Court orders Texas to improve foster care
State is ‘deliberately indifferent’ to threat that poor monitoring poses on children, ruling finds
AUSTIN — A federal appeals court on Thursday ordered Texas to improve investigations of child abuse in its foster care system and address long-standing problems with the caseloads of workers tasked with checking in on the children.
What’s more, state officials have been “deliberately indifferent” to the threat to children’s welfare caused by high caseloads and insufficient monitoring, a threejudge panel of the Fifth Circuit Court of Appeals ruled.
"This is a huge victory for Texas children," said Houston attorney Paul Yetter, who is working with New York-based advocacy group Children’s Rights, which filed a class action suit in 2011 on behalf of the roughly 11,000 long-term foster children in the care of the state.
The order, however, invalidated costly reforms ordered by a lower court judge that would have likely required a dramatic increase in the number of foster homes.
In a statement, a spokeswoman for Attorney General Ken Paxton didn’t say whether he plans to appeal.

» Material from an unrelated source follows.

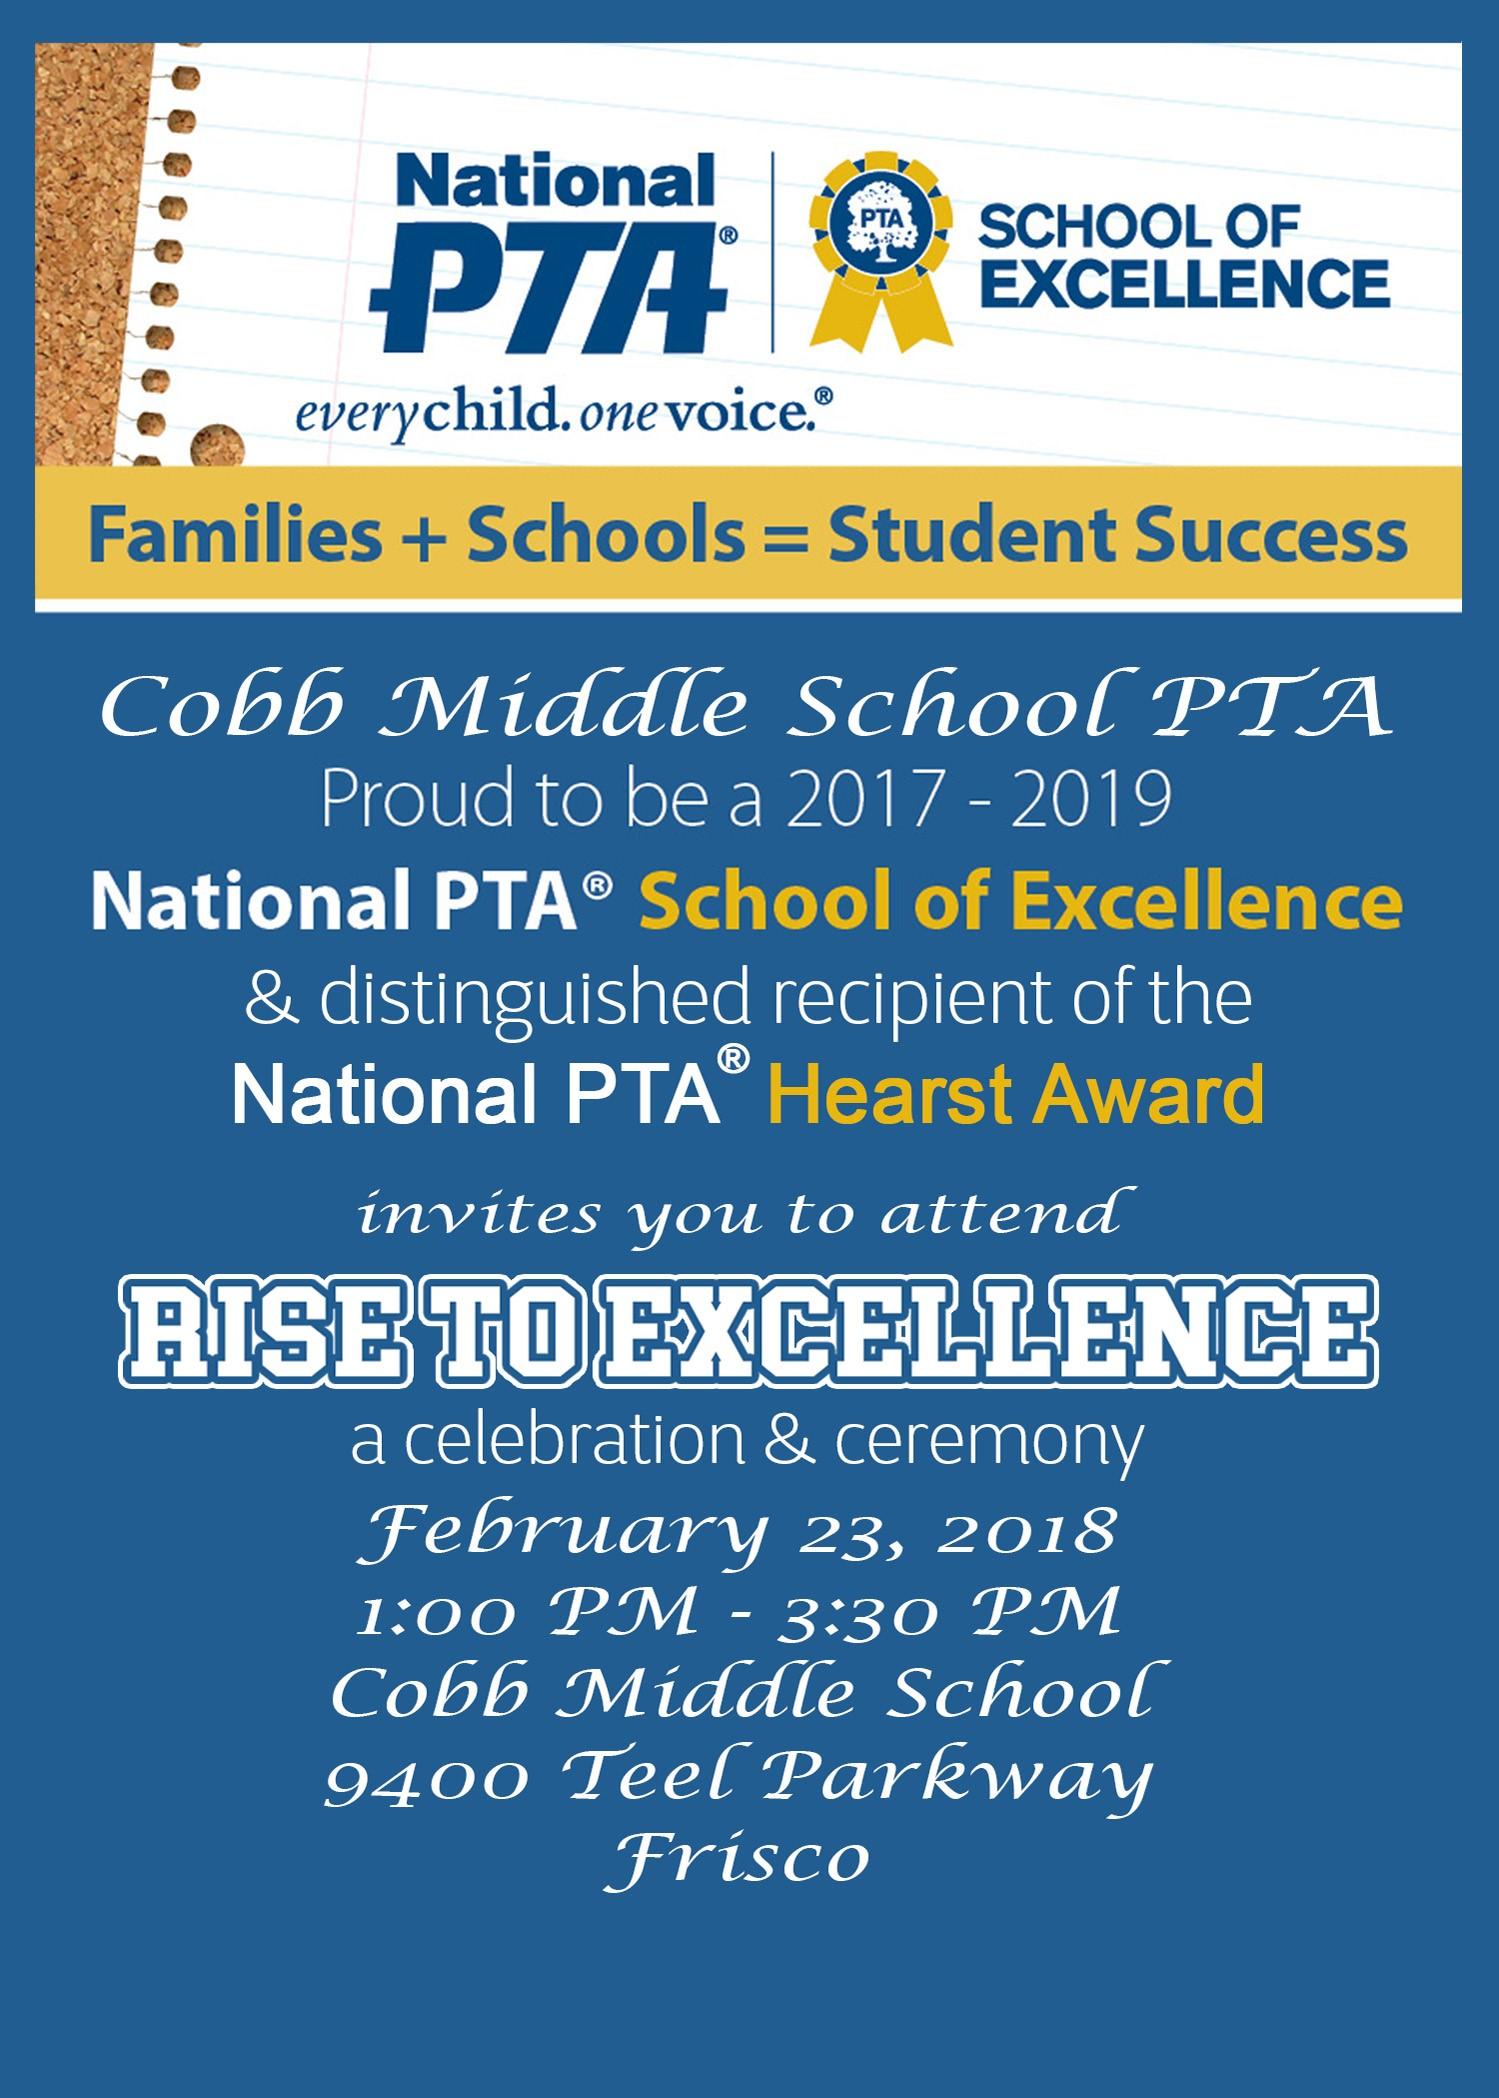 School of excellence celebration kit programs national pta cobb middle school ptas school of excellence and phoebe apperson hearst celebration altavistaventures Images
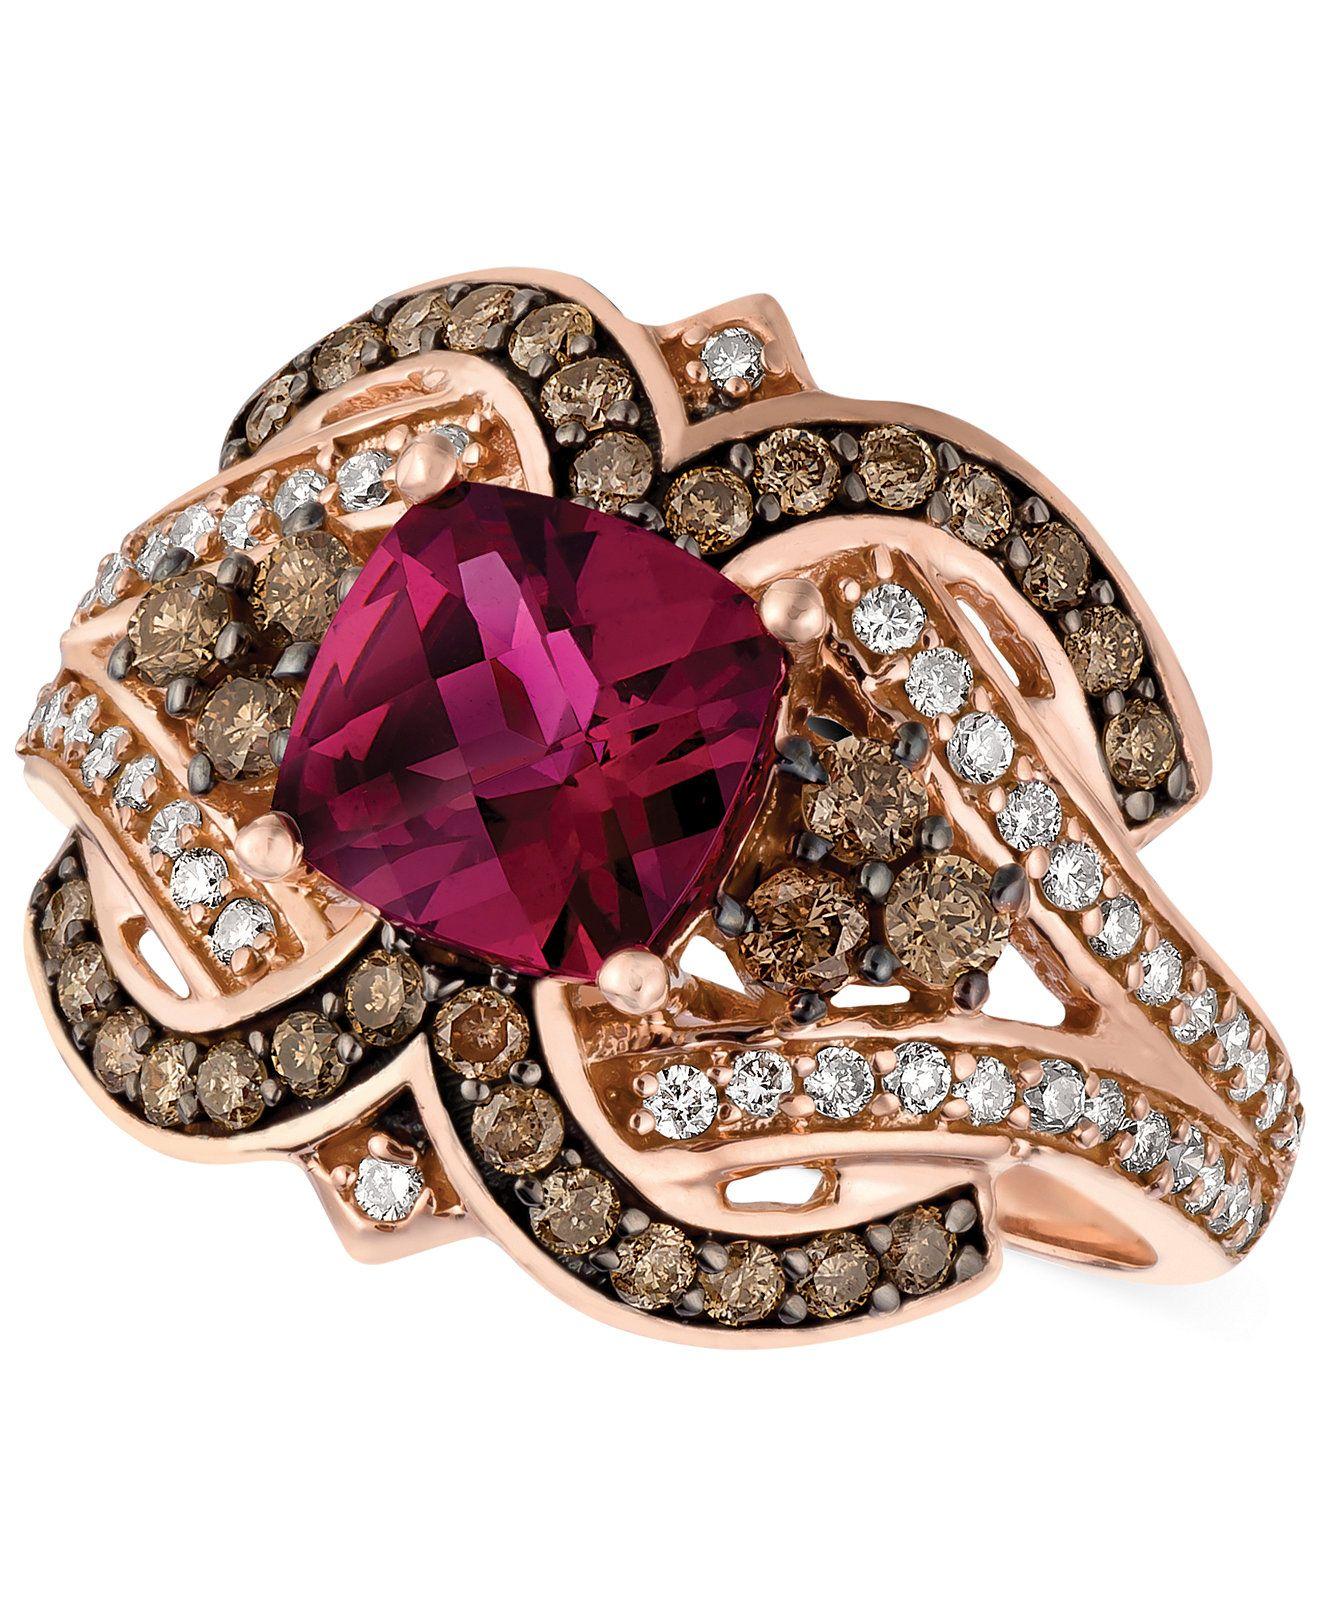 Le Vian Raspberry Rholodite Garnet 1 3 4 ct t w and Diamond 1

“The Fifth Circuit’s decision affirmed many of the significant changes the state has made to our foster care system,” Kayleigh Lovvorn said. “While the program still faces challenges, the Fifth Circuit upheld significant parts of the program as constitutional while finding that the district court engaged in judicial overreach in entering an overbroad and impractical injunction.”
The Department of Family and Protective Services is reviewing the order and had no immediate statement.
The class action suit alleged youth were bounced between homes, had too little contact with overworked caseworkers and were not sufficiently protected
from abuse.
In 2015, U.S. District Judge Janis Graham Jack of Corpus Christi ruled the state’s foster care system was unconstitutional, finding that foster children in Texas “almost uniformly leave state custody more damaged than when they entered.” In January, Jack ordered the state make dozens of sweeping changes. Paxton appealed.
The panel of appellate judges upheld some of Jack’s remedies, including reforms to shore up abuse investigations by ensuring timely contact with alleged victims and setting deadlines for closing cases. The 103-page order also called for new workers to have different caseloads than more experienced staff.
But it invalidated dozens of others such as a requirement the state to set caseload caps at 17 children per worker, saying that move could exacerbate a staffing crisis and destabilize children in care. Instead, the family and protective services department must determine how many cases workers can safely carry and set internal standards.
"The evidence in the record establishes that the State is deliberately indifferent to the risks posed by its policies and practices toward caseload management,” the order said. “The State is wellaware that caseworkers have unmanageable workloads. It also knows that high caseloads — which are a direct cause of high turnover rates — have a negative impact on (foster) children’s welfare.”